Data-Efficient Generation for Dataset Distillation

Zhe Li,Weitong Zhang,Sarah Cechnicka,Bernhard Kainz
2024-09-06
Abstract:While deep learning techniques have proven successful in image-related tasks, the exponentially increased data storage and computation costs become a significant challenge. Dataset distillation addresses these challenges by synthesizing only a few images for each class that encapsulate all essential information. Most current methods focus on matching. The problems lie in the synthetic images not being human-readable and the dataset performance being insufficient for downstream learning tasks. Moreover, the distillation time can quickly get out of bounds when the number of synthetic images per class increases even slightly. To address this, we train a class conditional latent diffusion model capable of generating realistic synthetic images with labels. The sampling time can be reduced to several tens of images per seconds. We demonstrate that models can be effectively trained using only a small set of synthetic images and evaluated on a large real test set. Our approach achieved rank \(1\) in The First Dataset Distillation Challenge at ECCV 2024 on the CIFAR100 and TinyImageNet datasets.
Computer Vision and Pattern Recognition
What problem does this paper attempt to address?

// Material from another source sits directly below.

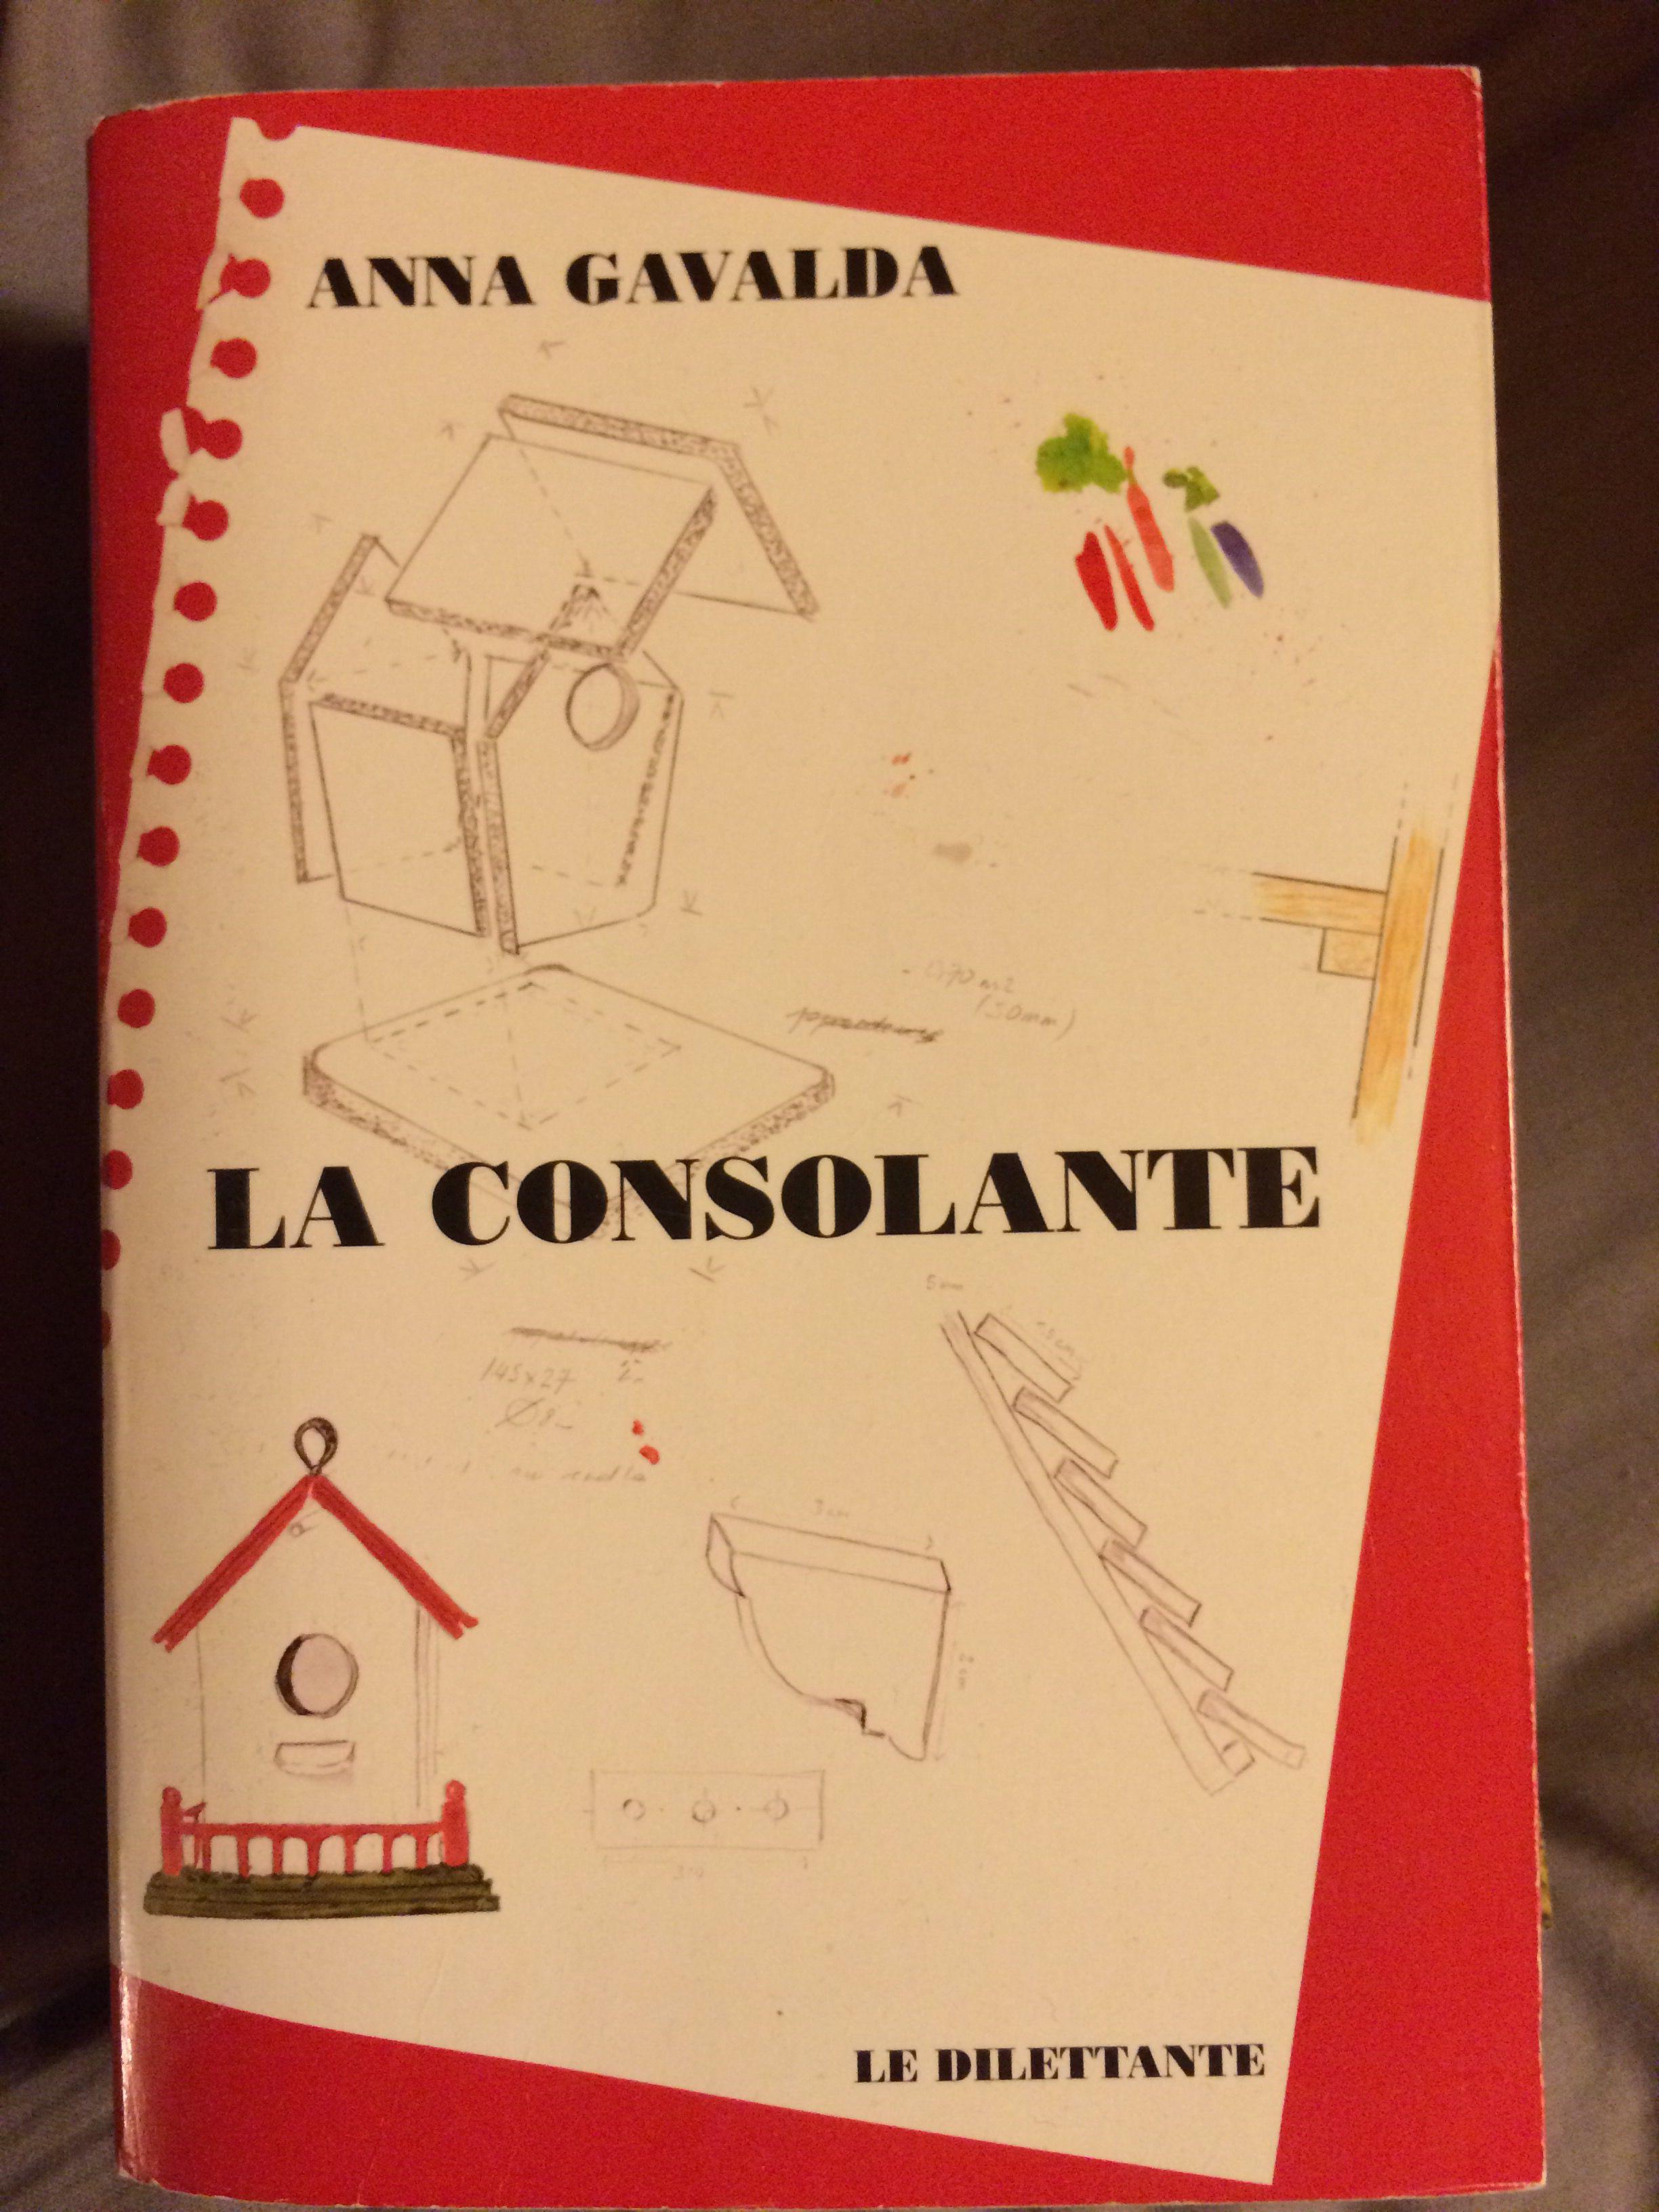 Anna Gavalda - La consolante | me and you | Pinterest | Anna gavalda on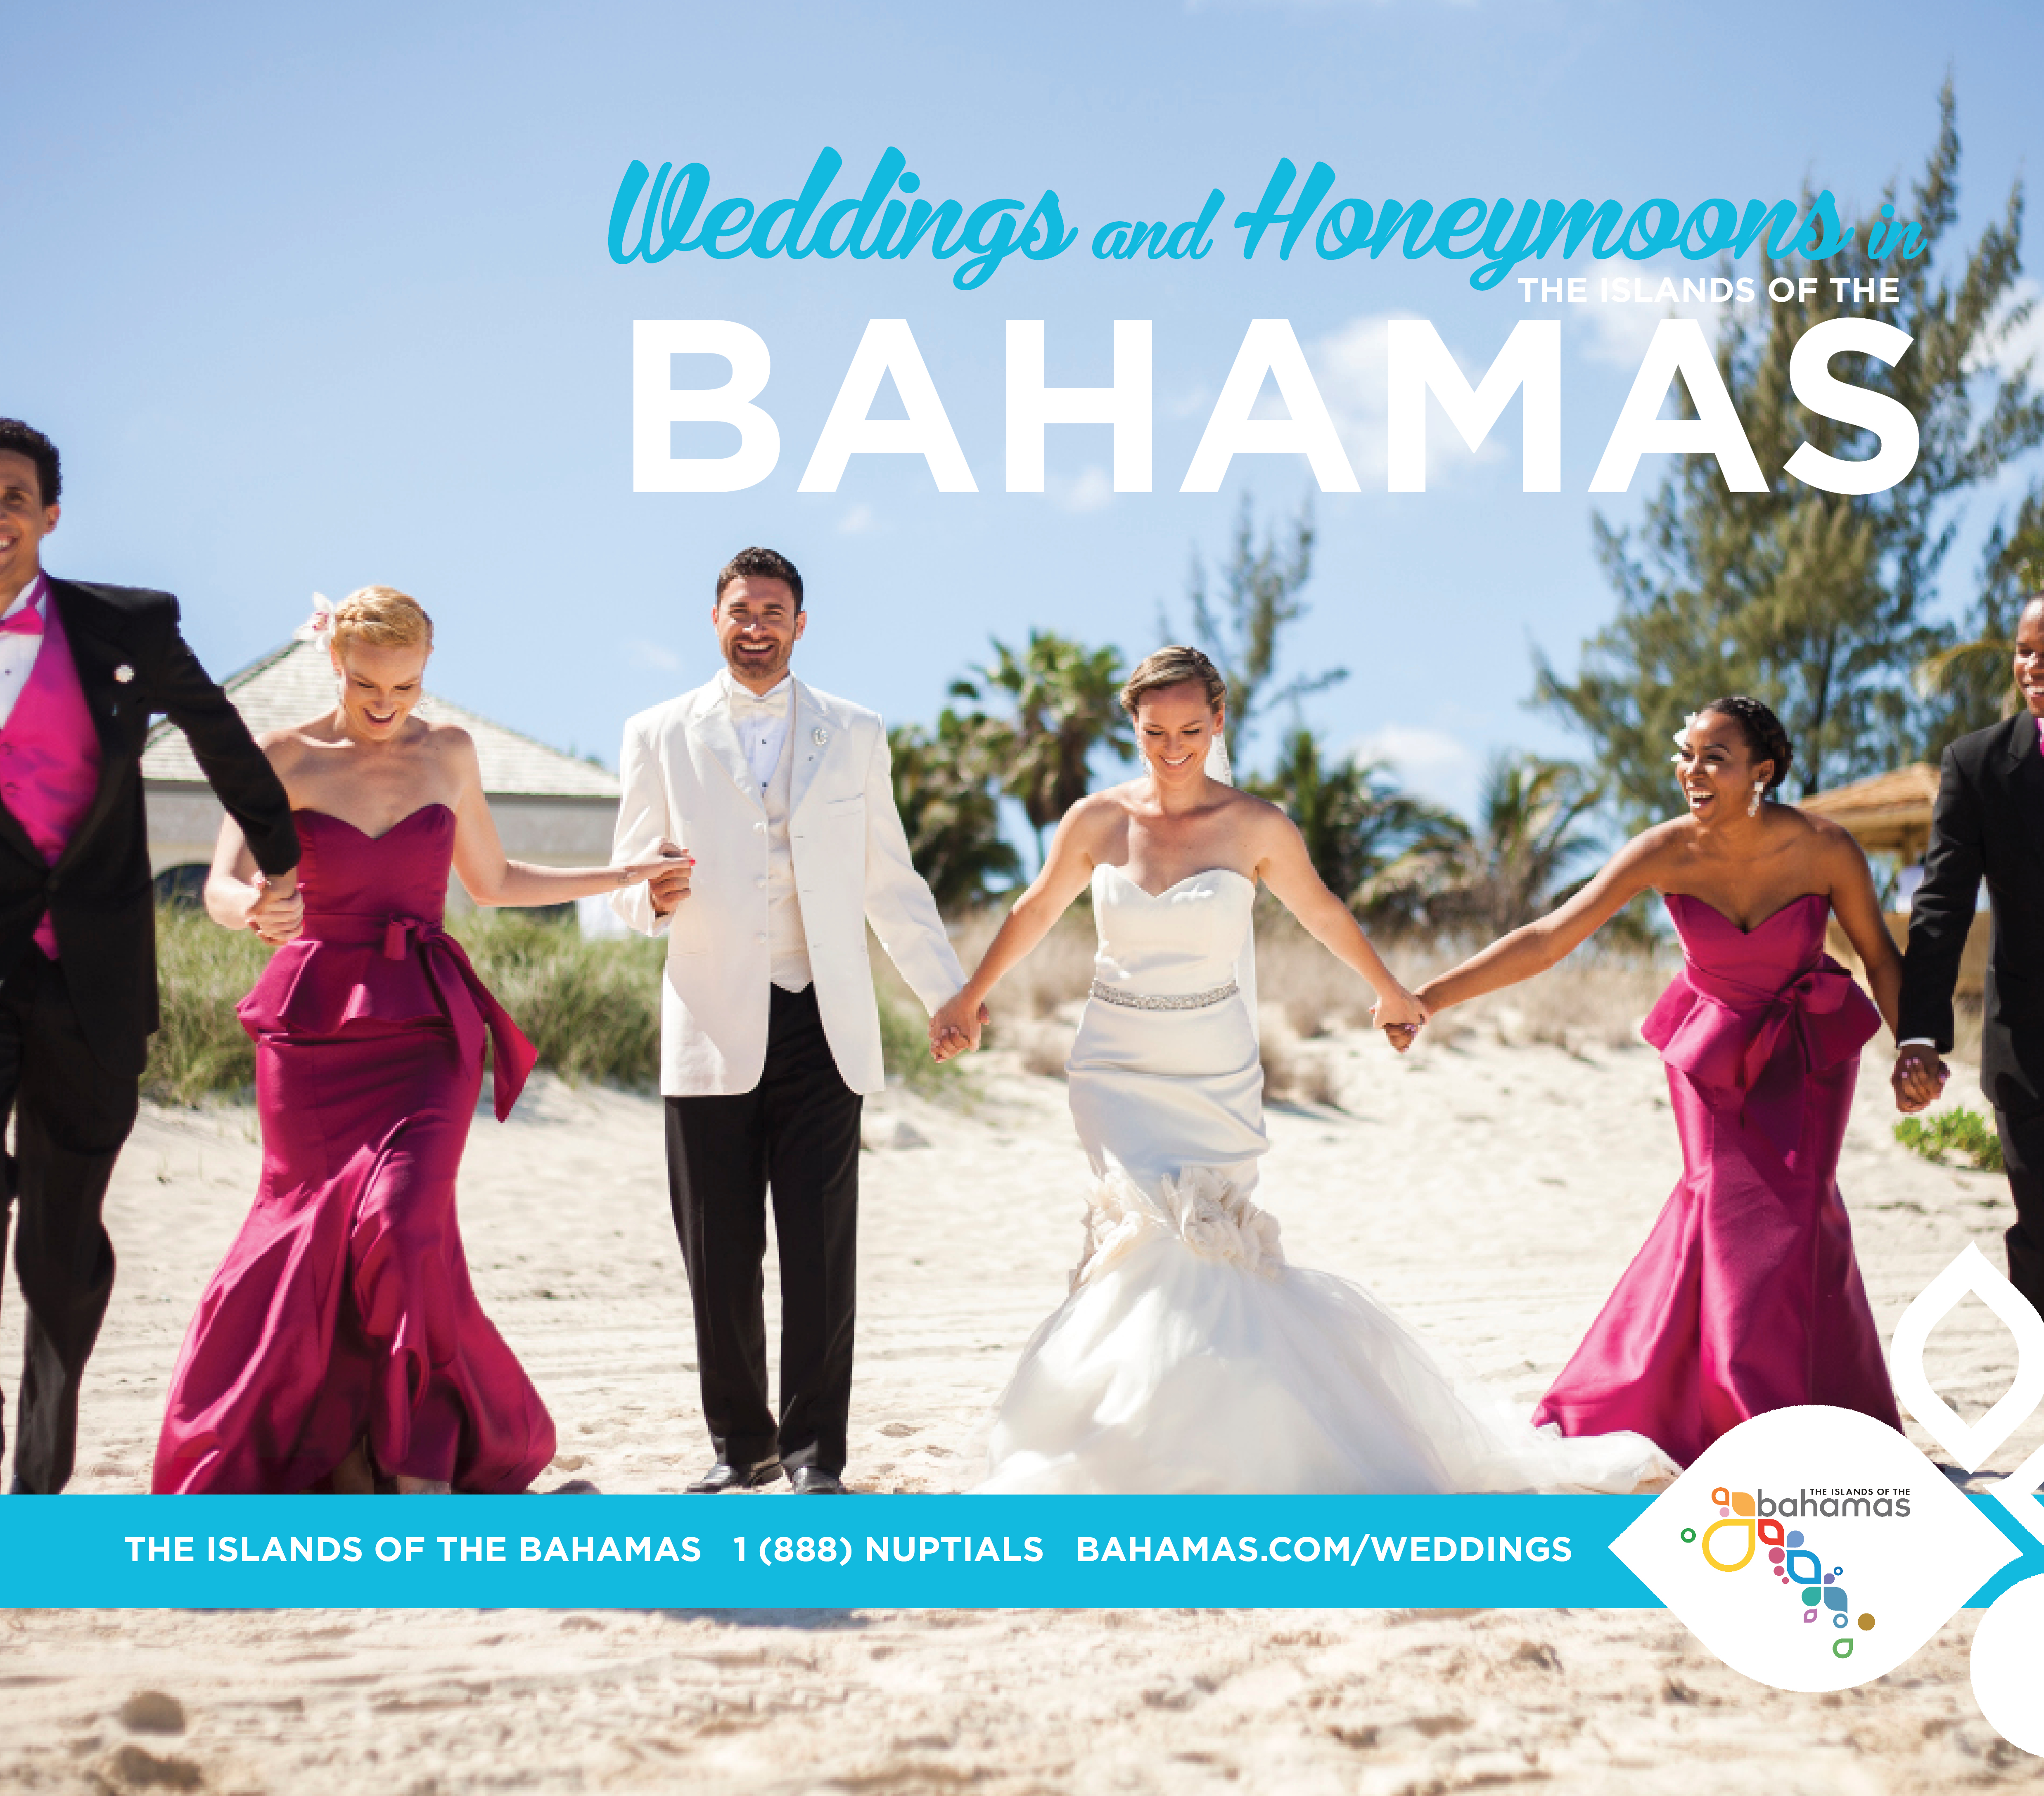 Bahamas Weddings + Honeymoons Brochure

The paper aims to address several key issues in dataset distillation: 1. **Generating highly readable synthetic images**: Existing methods often produce synthetic images that are not readable. The method proposed in this paper can generate high-quality and human-readable synthetic images. 2. **Improving downstream task performance**: Most current methods fail to support downstream learning tasks when generating a small number of synthetic images. The method in this paper improves the model's performance on downstream tasks by using a conditional diffusion model to generate high-fidelity synthetic images. 3. **Reducing computational costs**: The distillation time increases rapidly when the number of synthetic images per category slightly increases. The proposed method can generate a large number of synthetic images in a short time, and the computational cost does not grow exponentially with the number of synthetic images. With these improvements, the authors achieved first place in the first dataset distillation challenge at ECCV 2024, particularly excelling on the CIFAR100 and TinyImageNet datasets.